As it happens, a computer program with exactly that goal was published last summer by Markus W. Covert of Stanford University and eight coworkers. The program, called the WholeCell simulation, describes the full life cycle of Mycoplasma genitalium, a bacterium from the genus that Morowitz had suggested. Included in the model are all the major processes of life: transcription of DNA into RNA, translation of RNA into protein, metabolism of nutrients to produce energy and structural constituents, replication of the genome, and ultimately reproduction by cell fission. The outputs of the simulation do seem to match experimental results. So the question has to be faced: Are we on the threshold of “completing” molecular biology?
The Smallest Life Forms
Bacteria of the genus Mycoplasma are attractive for experiments of this kind because they are the smallest and arguably the simplest self-replicating organisms. (Viruses are smaller, but they can reproduce only by hijacking the biochemical machinery of a host cell.)
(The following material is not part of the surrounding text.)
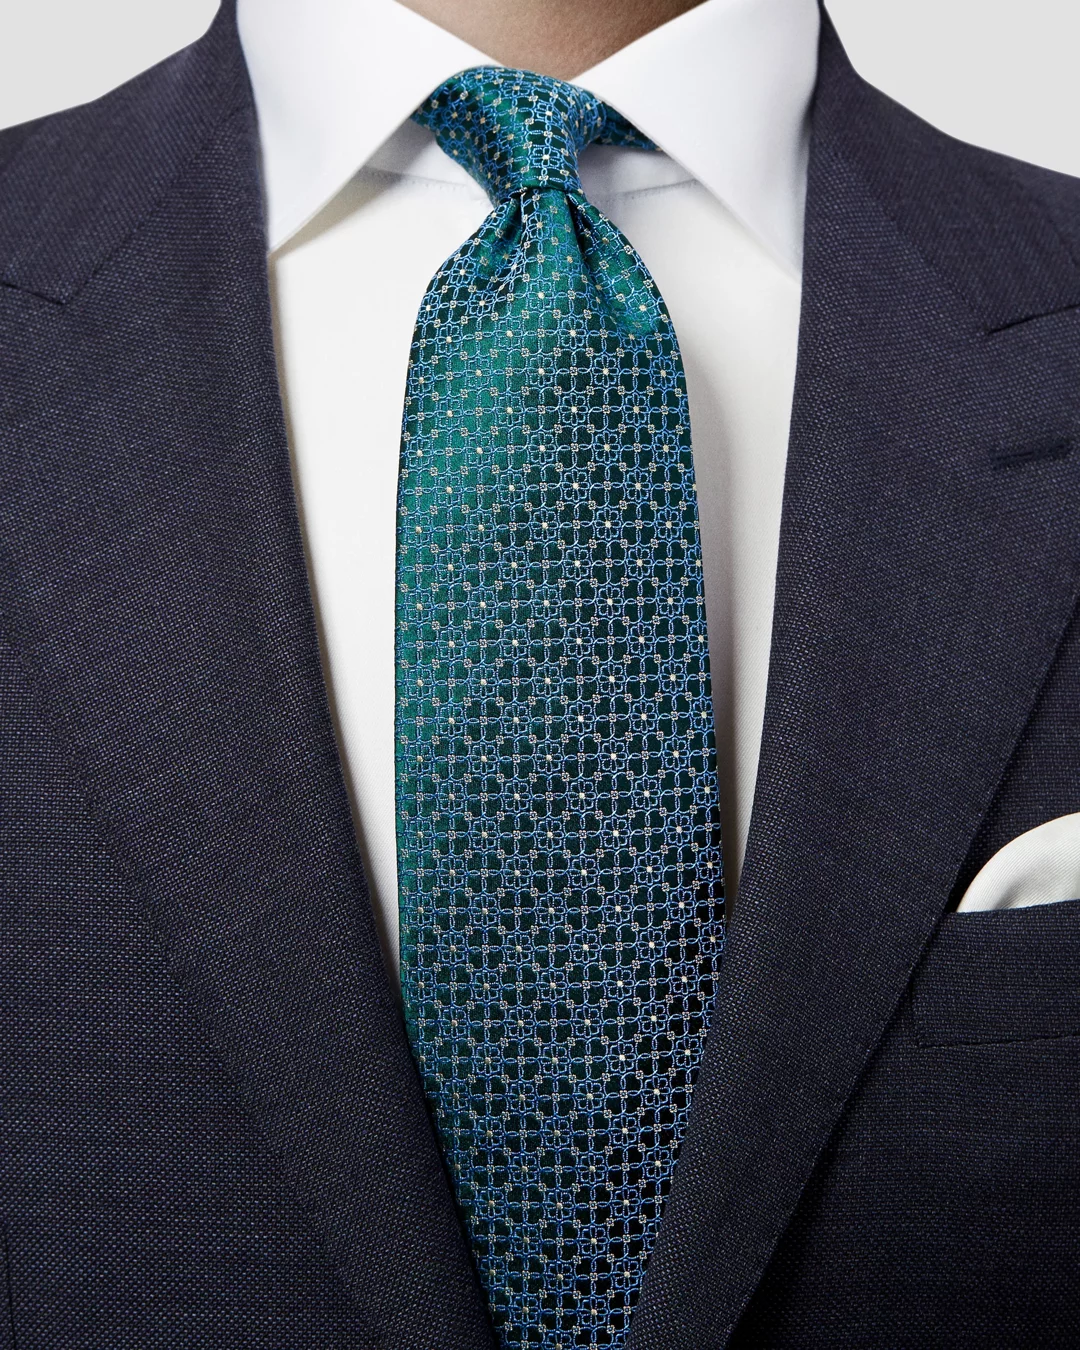 A Stylish Tie
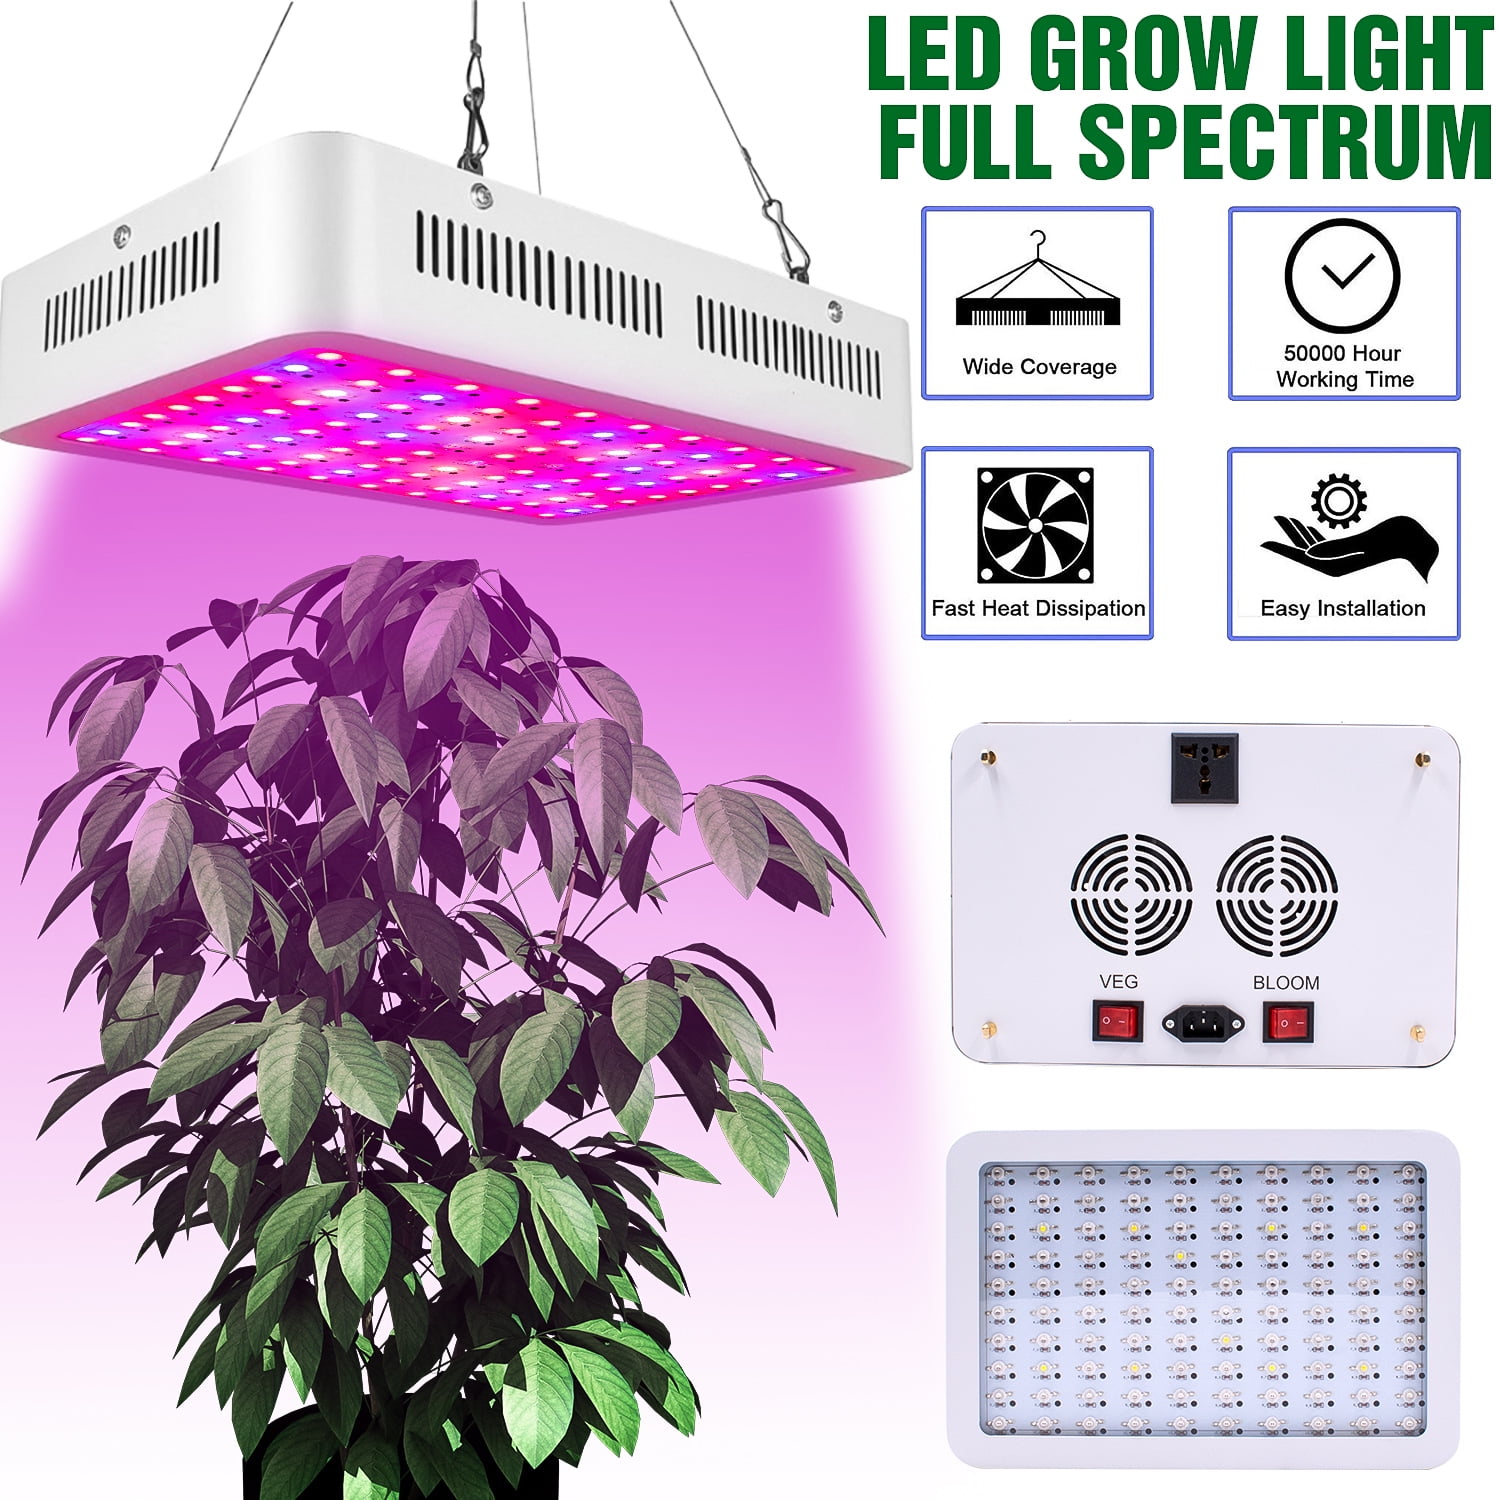 600W LED Grow Light Full Spectrum Panel Growing Lamp for Indoor Plants Veg Bloom

When mycoplasmas were first observed in the 19th century, they were thought to be fungi (hence the prefix myco-, from the Greek root μυκης, meaning fungus). The organisms are now classified among the bacteria, but they are peculiar members of that kingdom. They lack the rigid cell wall that encases other bacteria, having only a lipid membrane. One consequence is that mycoplasmas are resistant to many antibiotics, notably those that work by interfering with the synthesis of cell wall components. Mycoplasmas cause a number of human ailments as well as diseases of other animals and also plants. Perhaps the best known of the human pathologies is a lung infection sometimes called “walking pneumonia.”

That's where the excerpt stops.